3.1.2 La Théorie de la réciprocité

L'élément le plus marquant de la sociologie de Marcel Mauss est sa théorie du don. Mauss n'aborde pas le don, fait social total, comme un concept pur, ni comme un simple élément de la socialité. Pour lui, on ne peut comprendre le don que si on se met dans une perspective de connaissance globale de la dimension sociale. Le don comme fait social total doit être compris au-delà de l'échange et de la contrainte. Mauss en effet part d'une

86

question : « Quelle est la règle de droit et d'intérêt qui, dans les sociétés de type arriéré ou archaïque, fait que le présent reçu est obligatoirement rendu ? Quelle force y a-t-il dans la chose qu'on donne qui fait que le donataire la rend ? » (Mauss, 1925, p. 148). C’est en cherchant à répondre à cette question centrale à travers son essai sur le Don que Mauss en vient à démontrer que le don est une prestation, malgré ses diverses formes, et qu’il véhicule ou est véhiculé par une logique sociale identique qui entrelace les hommes, les choses et les Dieux, dans un réseau. Dans cette imbrication dynamique, des hommes, des choses et des Dieux, le politique, le juridique l'économique, le religieux et l'esthétique sont indissociables. La chose donnée n'est pas une chose inerte, elle possède une âme. Mauss, analysant les formes de l’échange « dans les sociétés primitives », fait observer que celui-ci y prend la forme du don apparemment pur et gratuit, mais qu’en réalité, quand on adopte un point de vue totalisant, on y constate que le don est toujours suivi d’un contre-don différé dans le temps, mais dont le caractère d’obligation impérative est manifeste. D’abord, parce que dons et contre-dons constituent un cycle ininterrompu, ensuite, le don est un « défi » et enfin, l’une des conditions impératives du fonctionnement du cycle, c’est que le contre-don soit différé, car s’il suivait immédiatement le don initial, il n’instaurerait d’autre rapport que celui, éphémère, strictement utilitariste et contractuel, s’épuisant dans l’instant et n’induisant aucune obligation ultérieure.

En effet, si le don oblige, c’est que, ne pouvant (ou, dans les cas de figure plus complexes, ne le devant pas) être annulé d’un contre-don immédiat, il endette le donataire et le soumet à la domination (ne serait-ce que morale, symbolique et provisoire) du donateur (rappelons à ce sujet l’analyse de Mauss, selon laquelle il s’agit là d’une logique universelle : celui qui donne, provoque celui qui reçoit, le met dans l’obligation de rendre et affiche dans bien des cas sa supériorité sur lui) (Marie , 1997, p. 75).

Le don est donc un « fait social total », dont le rôle symbolique est de lier et de maintenir le lien social. Les faits sociaux totaux sont selon Mauss,

87 des « touts », des systèmes sociaux entiers dont nous avons essayé de

décrire le fonctionnement [...] C'est en considérant le tout ensemble que nous avons pu percevoir l'essentiel, le mouvement du tout, l'aspect vivant, l'instant fugitif où la société prend, où les hommes prennent conscience sentimentale d'eux-mêmes et de leur situation vis-à-vis d'autrui. (Mauss, 1925, p. 119)

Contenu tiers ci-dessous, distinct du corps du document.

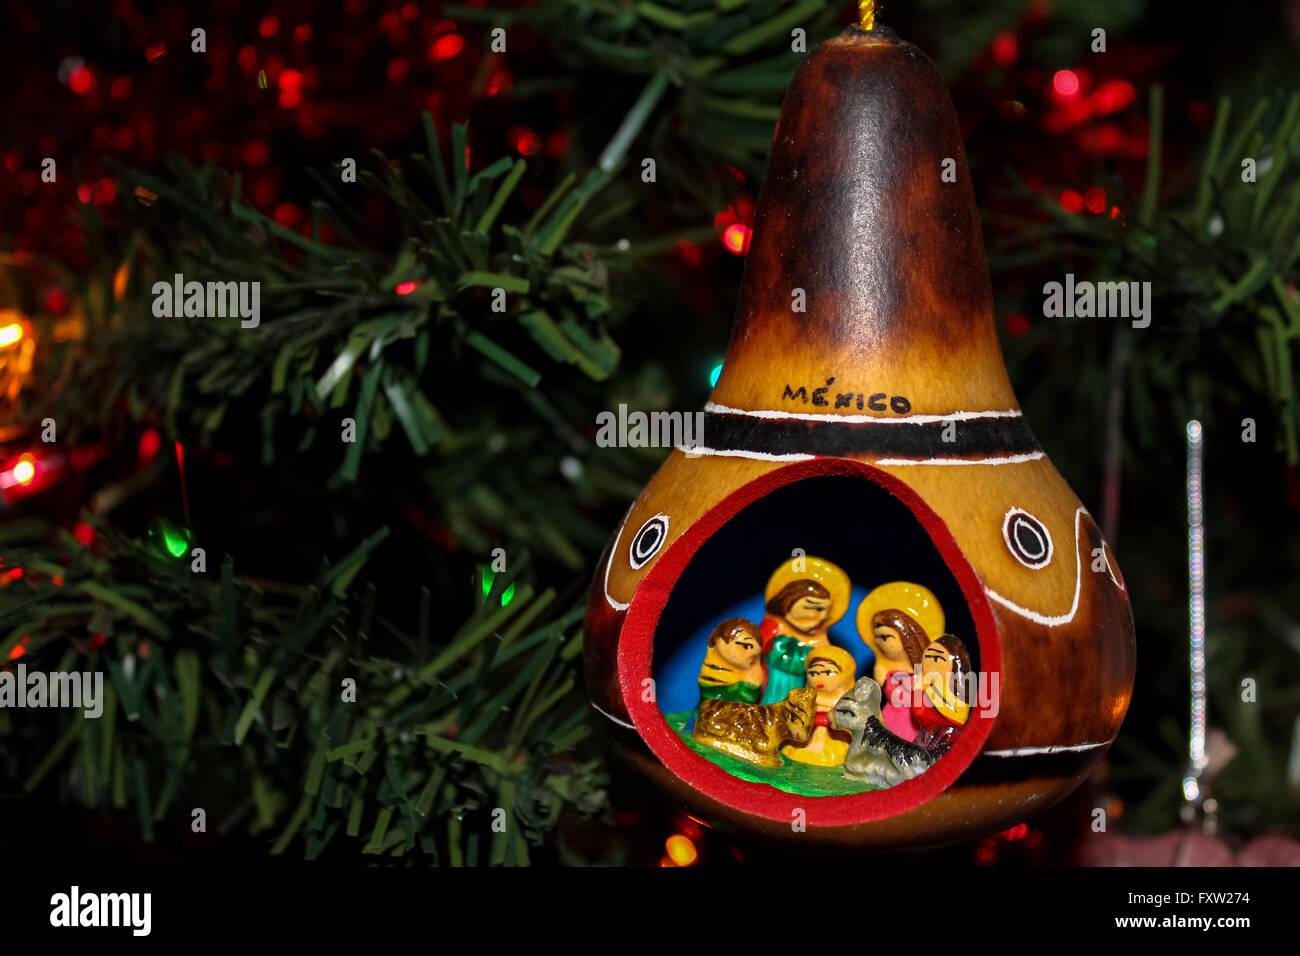 Nativity Christmas Tree Ornament Stock Photo Alamy

Le fait social total chez Mauss est dynamique et marqué par l'interaction. Par exemple le don fait constamment le va-et-vient entre l'individu, la famille, et la communauté. La solidarité prend alors son sens dans son rapport avec la réciprocité. Et qui dit réciprocité, dit opposition entre deux parties distinctes et reconnues comme telles. Ainsi vu, un phénomène social ne peut être correctement appréhendé comme une unité amorphe et indépendante, mais plutôt dans une dimension relationnelle.